Вскоре Шерман раззнакомился с будущими звездами мировой литературы Пабло Неруда и Жоржи Амаду, работал редактором в издательстве, а потом главредом газеты Mi Pueblo («Мой Народ»). Но в 1954-м из-за репрессий против коммунистов в Аргентине (а семья стояла на учете в советском посольстве) родители решили исполнить давнюю мечту Гирша Шермана – вернуться в Беларусь. В 1956-м, получив приглашение отца, уехал в СССР и Карлос с первой женой Кларой, дочками Клаудией и Эстеллой.

Далеко не все соответствовало представлениям о жизни в Союзе. Шерман позже рассказывал, что в Одессе, куда прибыл пароход из Аргентины, у него, как и у других репатриантов, отобрали паспорта. И это – меньшая из бед: позже Карлосу говорили, мол, вернись он на несколько лет раньше, при жизни Сталина, его и не было бы на этом свете. Но в 1956-м Карлос осел у родителей в Пинске. Не зная ни белорусского, ни русского языков, он четыре года отработал токарем на спичечной фабрике, потом был продавцом в книжном. Лишь выучив языки, он переехал в Минск – стал переводчиком, сотрудничал в прессе, работал в библиотеке Академии наук.

Постепенно Карлос Шерман стал публиковать произведения, написанные по-испански, – сначала в переводах на русский язык, затем – на белорусский. А сам активно переводил на испанский Купалу, Коласа, Богдановича, Быкова, Короткевича, Адамовича, а еще – русских классиков Лермонтова, Маяковского, Есенина, Евтушенко. А по-белорусски и по-русски словами Шермана зазвучали Лорка, Неруда, Мистраль и, конечно, роман Габриеля Гарсиа Маркеса «Осень патриарха», впервые переведенный на русский вместе с Валентином Тарасом.

Шерман познакомился с Габриелем Гарсиа Маркесом уже после того, как перевел его «Осень патриарха». Фото: REUTERS
Шерман познакомился с Габриелем Гарсиа Маркесом уже после того, как перевел его «Осень патриарха». Фото: REUTERS

Почему занялись переводом минчане, а не москвичи, и почему изначально он вышел лишь в журнале?
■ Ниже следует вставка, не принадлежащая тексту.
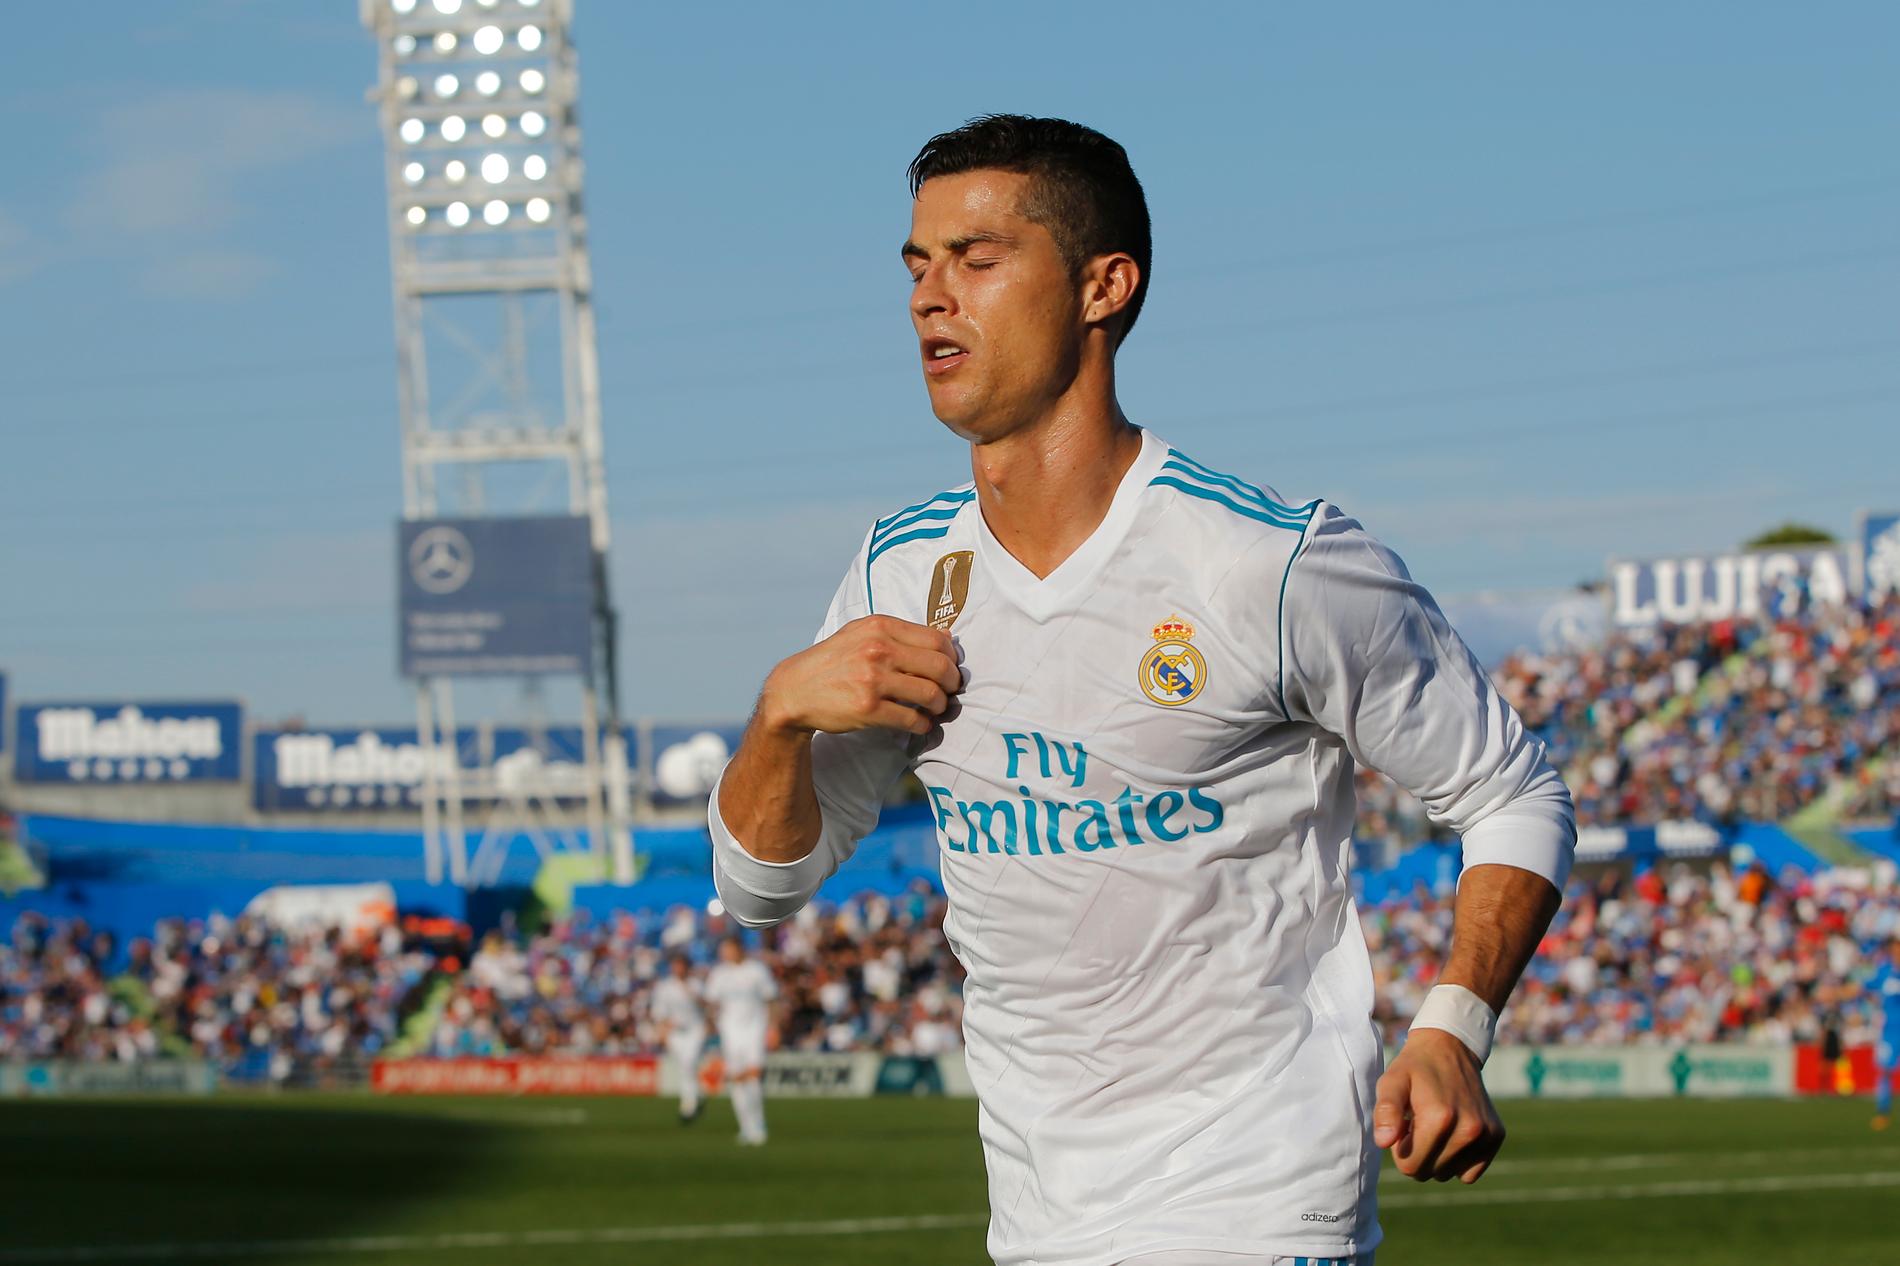 Ett sent mål gav stjärnan revansch – och Real Madrid tog tre poäng.

Как объяснял позже Тарас, оказавшись в командировке в Испании Шерман просто-напросто купил только вышедшую книгу, впечатлился ей и предложил срочно переводить, попутно опередив москвичей-латиноамериканистов. Во-вторых, Шерман объяснял в эссе «Тайны чужого почерка», что текст Маркеса был далек от принятого в СССР метода соцреализма, и его лучше было опробовать не в Москве – в 1977-м рискнул минский журнал «Неман». А в-третьих, говорил Шерман, «буйныя маскоўскія выдавецтвы «заразалі» магчымы пераклад кнігі нават на ўзроўні заяўкі на яго, […] баяліся, што «Восень патрыярха» ўзбудзіць крамольныя аналёгіі, пакажа сапраўдны твар эпохі». Имеются ввиду аналогии на Брежнева.
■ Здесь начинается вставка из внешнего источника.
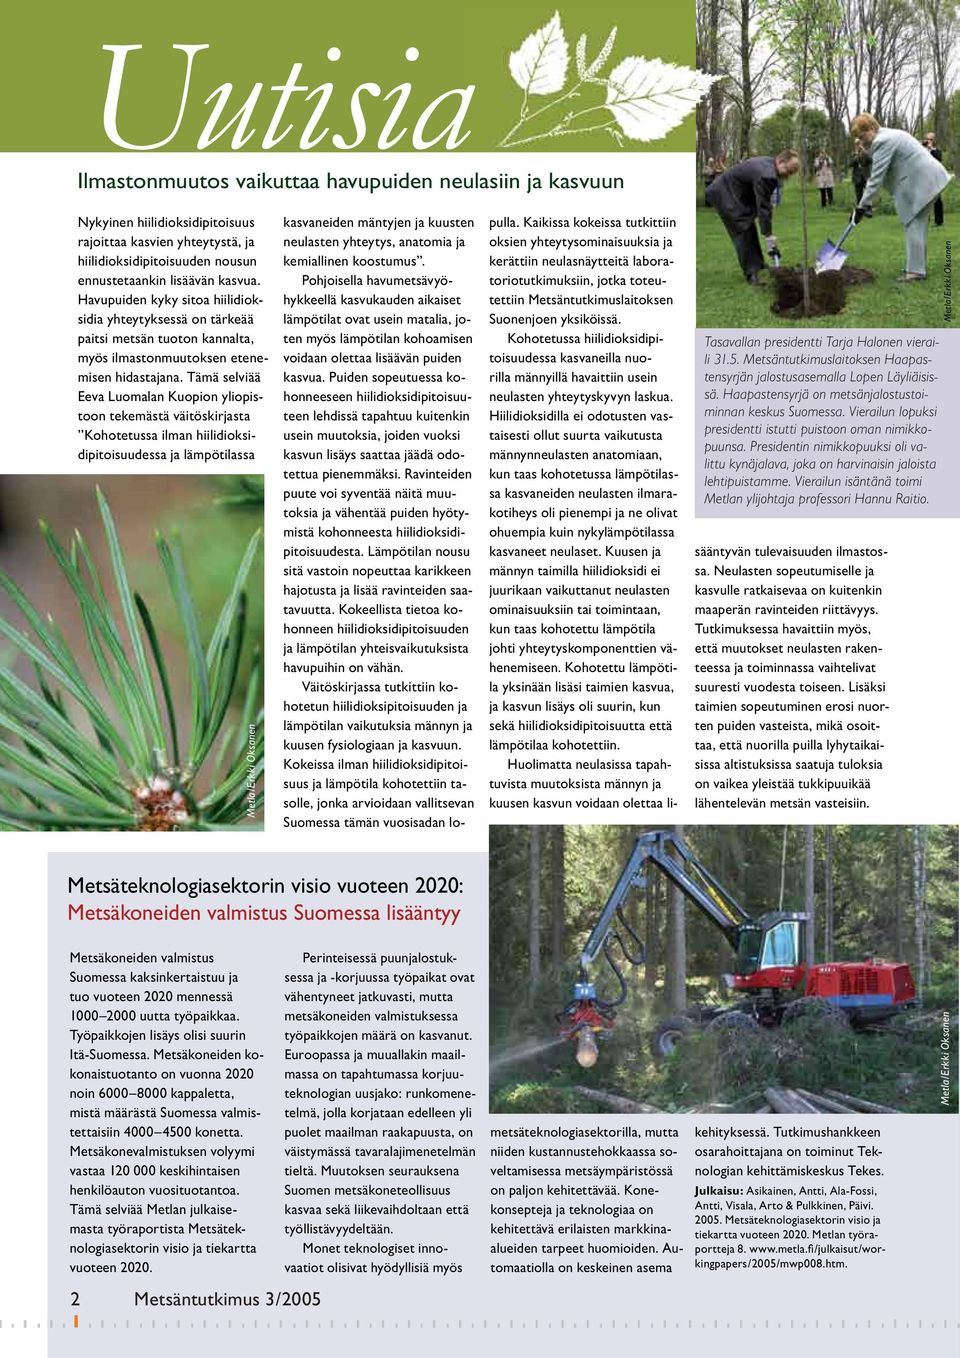 Tämä selviää Eeva Luomalan Kuopion yliopistoon tekemästä väitöskirjasta Kohotetussa ilman hiilidioksidipitoisuudessa ja lämpötilassa Metsäteknologiasektorin visio vuoteen 2020: Metsäkoneiden

Исследователь белорусской литературы Сергей Шапран в послесловии к книге «Блуканец» рассказывает: Шерман как переводчик поэзии искал ритмику и интонацию романа Маркеса. При этом в романе сохранились даже знаки препинания и их отсутствие, пробелы, как и в оригинале. А Валентин Тарас делился в интервью с Шапраном, как подступались к переводу:

«Аднойчы […] прыехаўшы да Карласа, я сказаў: «Бяры раман, я ж вазьму цыгарэт пра запас, сяду ў крэсла, і ты чытай мне па-гішпанску». Шэрман чытаў, мабыць, гадзіну. Свае ўражаньні я запісваў у выглядзе «абракадабры», бо па рытме «Восень патрыярха» — гэта агромністы вэрлібр. І калі злавіў яго рытм, яго пералівы і пераходы, калі адчуў унутранае гучаньне фразы, якая то паўзла, то раптам ускоквала, то сьціскалася, а то ўзрывалася, толькі тады здолеў зрабіць пераклад».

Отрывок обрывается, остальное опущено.